Table 2. Evolution of prognostication systems in essential thrombocythemia.

Traditional ELN Guidelines

(a) High-risk: age ≥ 60 years or previous thrombosis

(b) Low-risk: none of the above

IPSET-thrombosis

Risk factors: Age > 60, = 1 point; Cardiovascular risk factors (tobacco use, diabetes, hypercholesterolaemia, hypertension), = 1 point; Previous thrombosis, = 2 point; JAK2 V617F, = 2 points

(a) Low risk: 0–1

(b) Intermediate risk: 2

(c) High-risk: ≥3

IPSET- thrombosis (Revised)

(a) Very low risk: no thrombosis history, age ≤ 60 years and JAK2/MPL-unmutated

(b) Low risk: no thrombosis history, age ≤ 60 years and JAK2/MPL-mutated

(c) Intermediate risk: no thrombosis history, age > 60 years and JAK2/MPL-unmutated

(d) High risk: thrombosis history or age > 60 years with JAK2/MPL mutation

MIPSS-ET

Risk factors: Adverse mutations (SRSF2, SF3B1, U2AF1 and TP53) = 2 points; age > 60 years = 4 points, male sex = 1 point and leukocyte count ≥ 11 × 109/L = 1 point

(a) Low risk: 0–1

(b) Intermediate risk: 2–3

(c) High-risk: ≥4.

 

Little is known about the other non-driver mutations’ impact on the vascular risk assessment; however, the enrichment in TET2 mutations in ET has been identified to be associated with a higher incidence of thrombotic risk . After the new insights on the molecular characterization of MF, which led to the development of newer risk models that included genetic biomarkers such as MIPSS70 (Mutation-enhanced international prognostic systems) [42], Tefferi and colleagues developed a similar approach for ET and PV called the “MIPSS-ET/PV” [43]. After analyzing data from two different cohorts in this recent study, multivariable analysis confirmed an independent survival effect associated with the presence of adverse mutations (SRSF2, SF3B1, U2AF1, and TP53), age >60 years, male sex and a leukocyte count ≥11 × 109/L in ET patients.
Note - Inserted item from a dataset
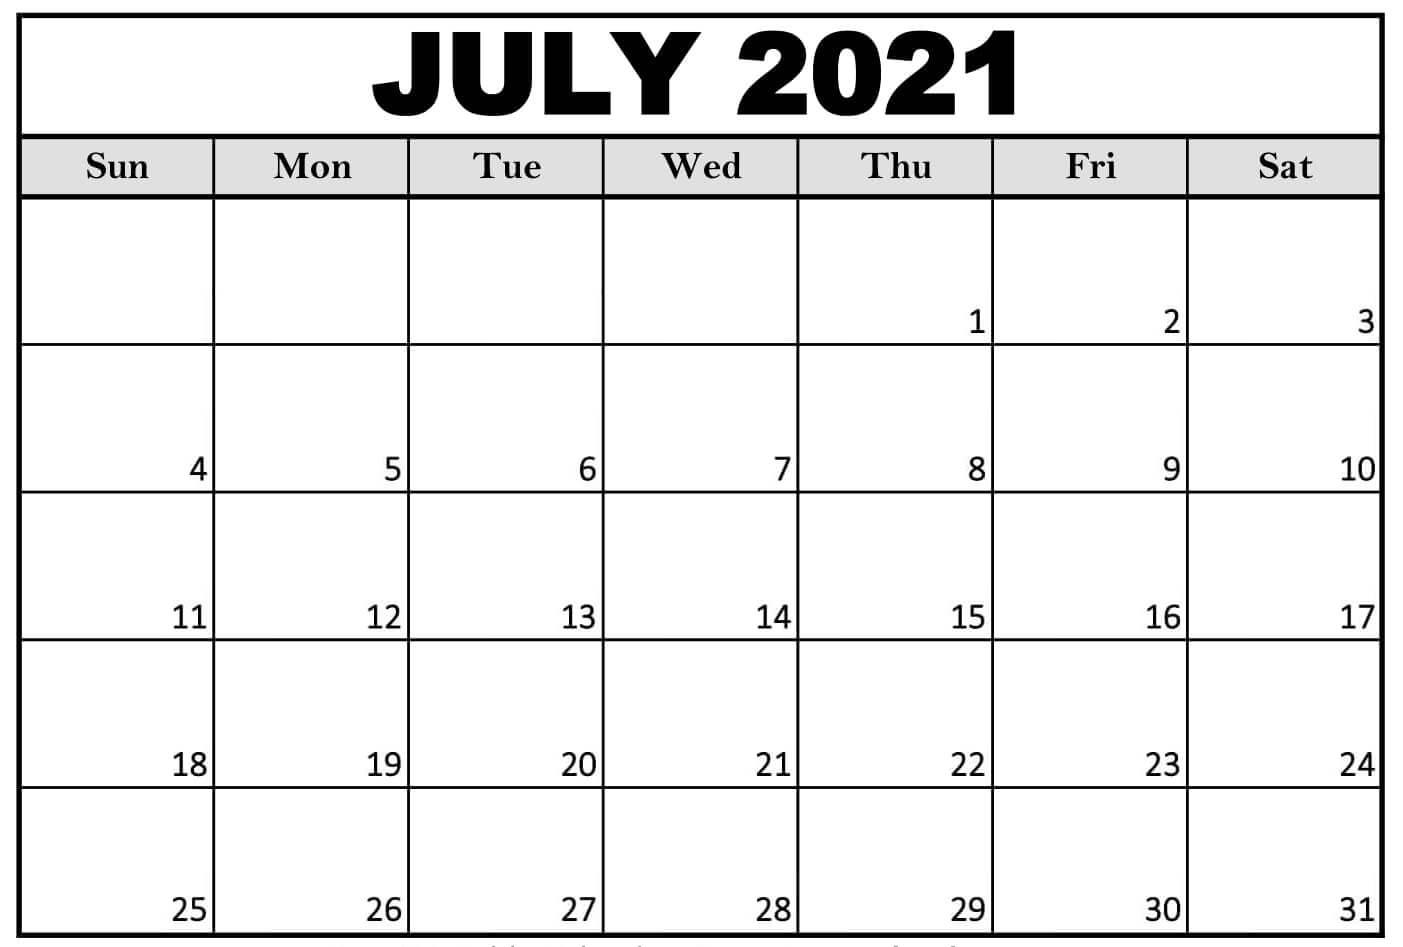 July 2021 Calendar Template Blank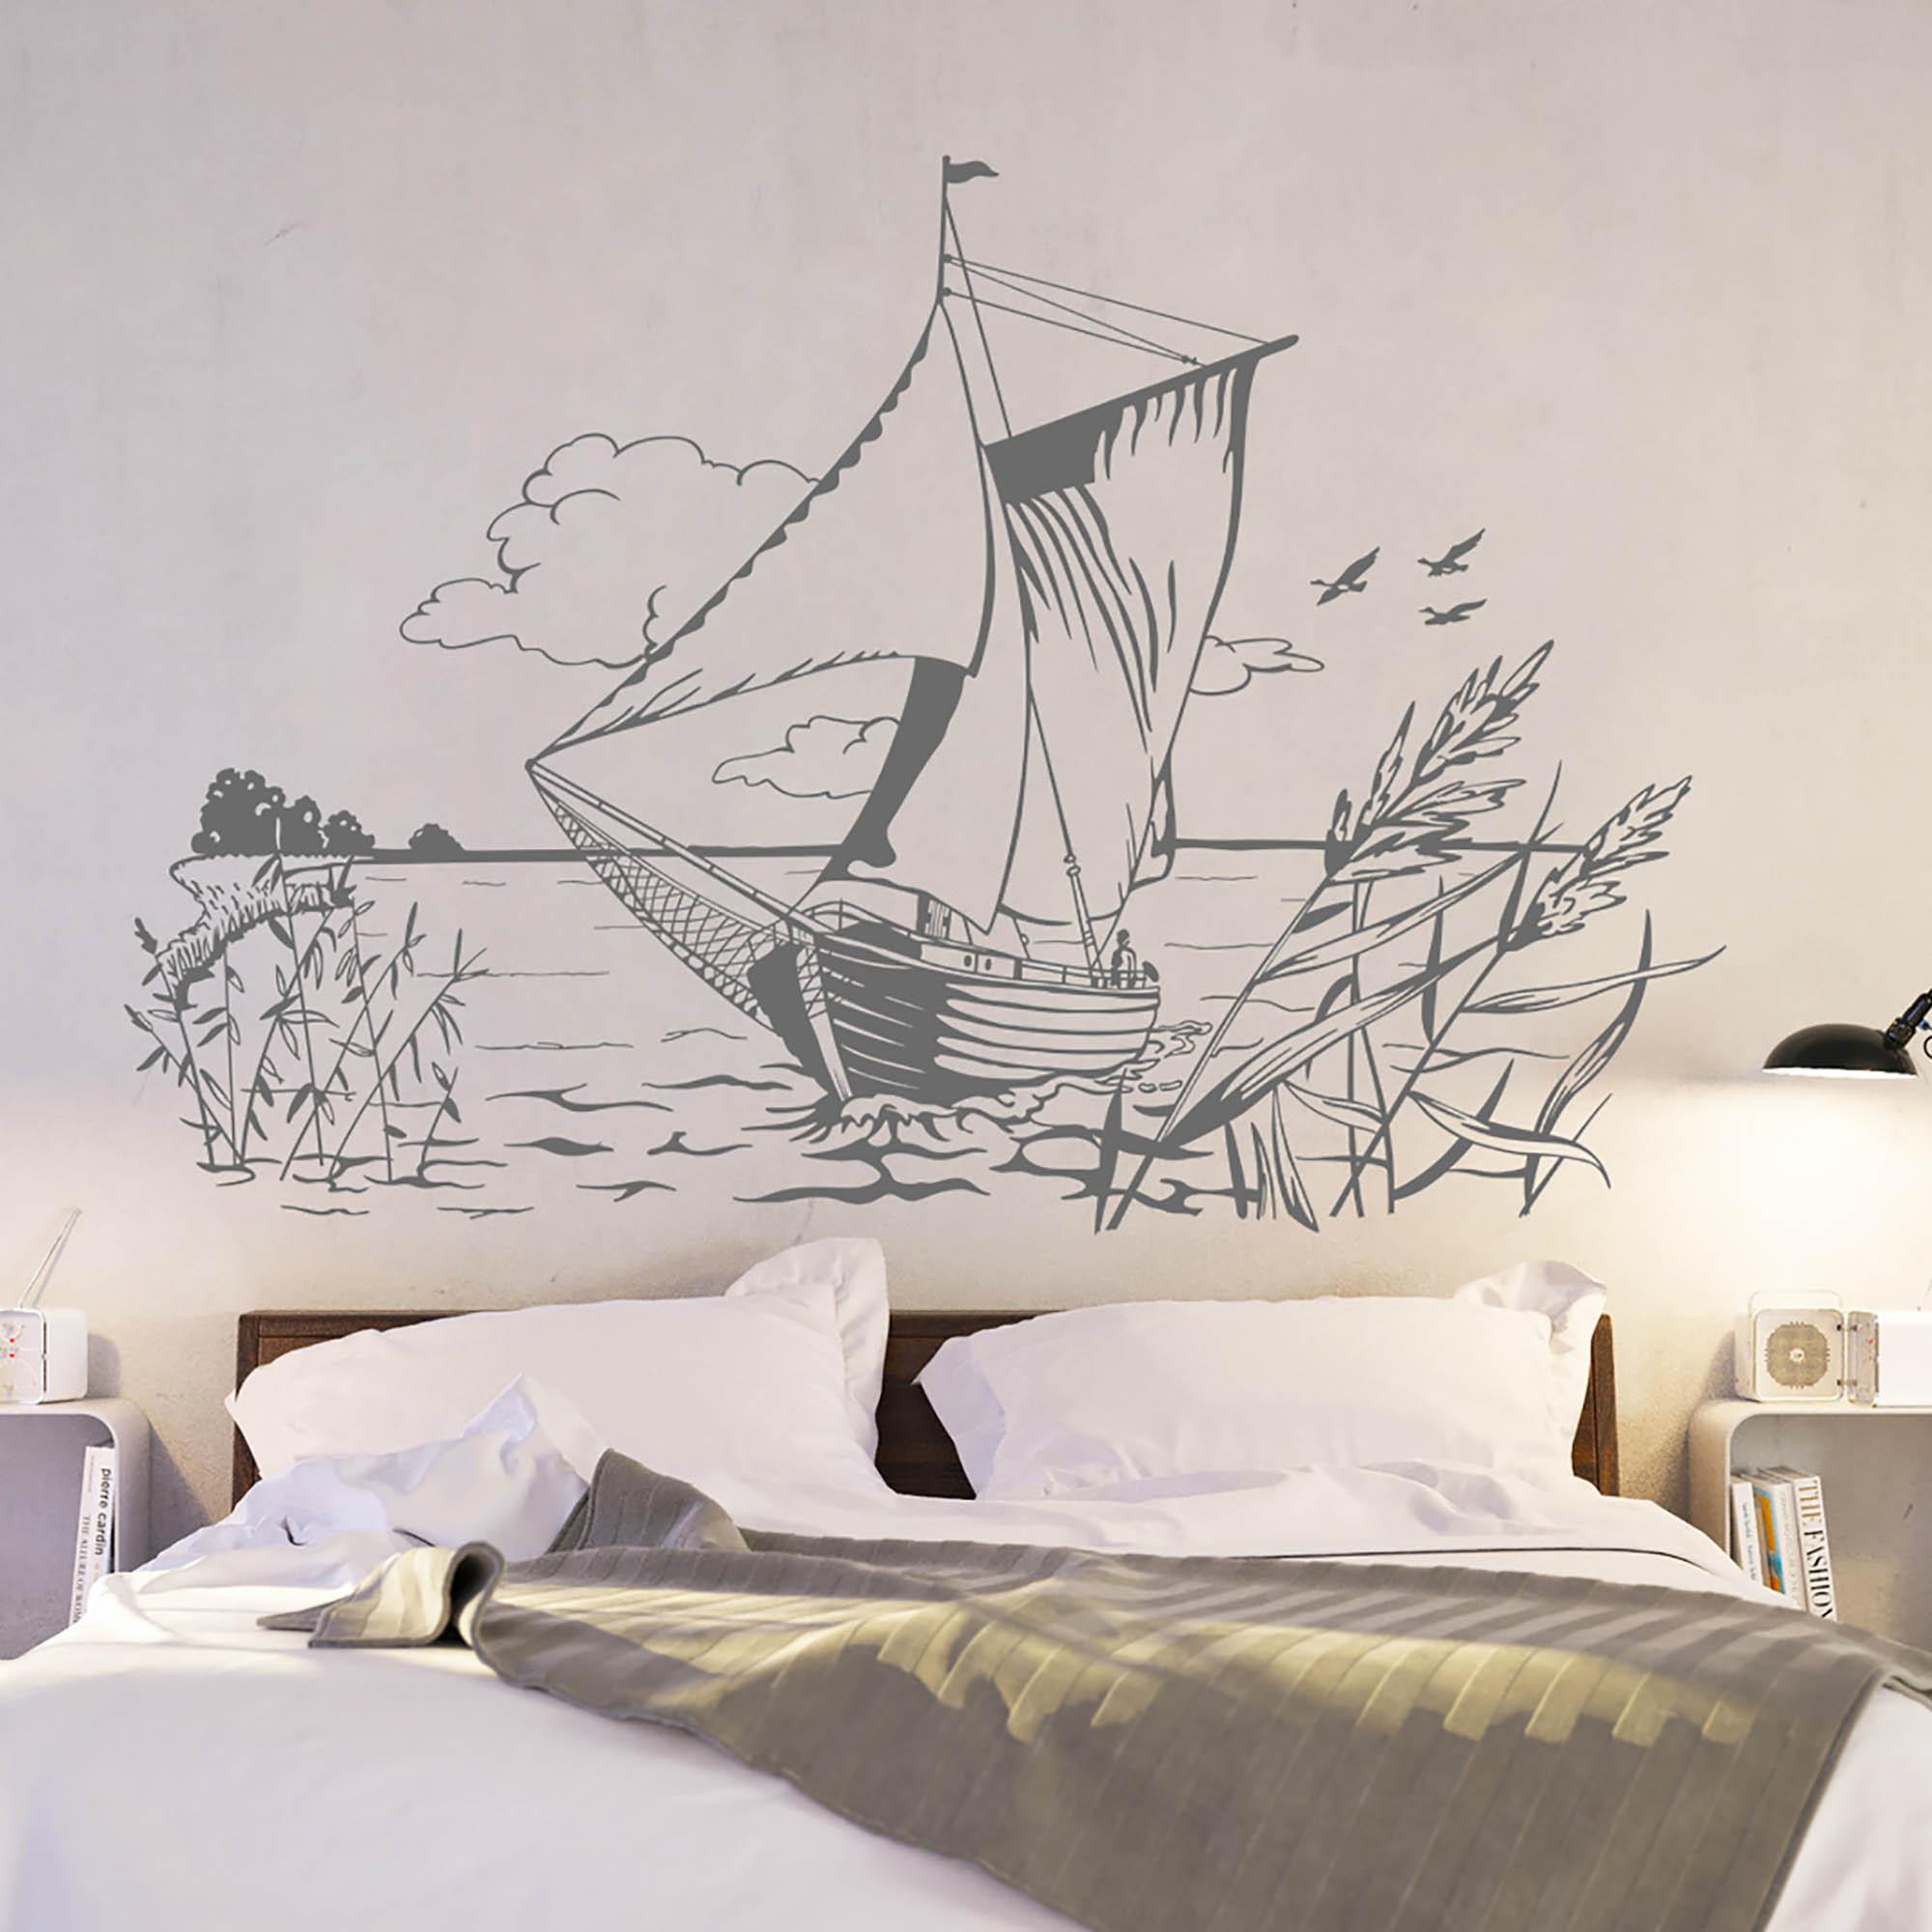 wandtattoo zeese zeesenboot schiff segler k ste meer schilf m1451 wandtattoos elfent r tassen. Black Bedroom Furniture Sets. Home Design Ideas

This led to a 3-tiered model that has been shown to be superior to the conventional IPSET-survival score in predicting survival rates of patients with ET. The main difference from the previous models is that thrombosis history is no longer considered a risk factor (Table 2).

3.2. Mutational Profile

As discussed, due to the chronic manifestation of this disease, the main goal of ET management remains the prevention of fatal vascular complications which have been reported to be the leading cause of death . Up to 24% of ET patients develop a vascular event before (13%) or after (11%) diagnosis with a lower rate in CALR-mutants as compared to JAK2 V617F/MPL mutants and triple-negative cases [44]. Apart from having different molecular lesions and survival outcomes, JAK2 V617F-mutated ET patients had a higher hemoglobin level and WBC (the so-called “PV-like phenotype”), and a lower PC while a substantial fraction of CALR-mutants had a PC >1000 × 109/L . Despite this association, CALR-mutated patients had a lower risk of thrombosis, pointing out that the PC per se is not the only determinant of vascular complications . Platelets from patients with CALR mutations were significantly less activated following adenosine diphosphate (ADP) stimulation compared to that of a control group or JAK2 mutants (p < 0.001) [45]. Moreover, among the two predominant variants of CALR mutations (type 1 and 2), patients harboring type 2 CALR mutations seemed to have a more indolent disease course [46].

3.3. Leukocytosis

As observed in PV, many studies demonstrated a correlation between leukocytosis and vascular events in ET . For instance, it has been observed that a near to linear correlation between thrombosis and WBC existed in ET patients . A recent meta-analysis highlighted the dual effect of leukocytosis on both thrombosis and bleeding events [47]. Moreover, this negative impact seemed to be independent of the PC per se as observed in patients treated with anagrelide with optimized PC < 575 × 109/L but WBC > 9.66 × 109/L [48]. This observation emphasizes the role of WBC beyond PC per se on triggering vascular complications, as highlighted and taken into consideration by risk assessment models. Finally, we might assume that the use of anagrelide, not providing a normalization of WBC, should be reserved for lower-risk patients without evidence of leukocytosis.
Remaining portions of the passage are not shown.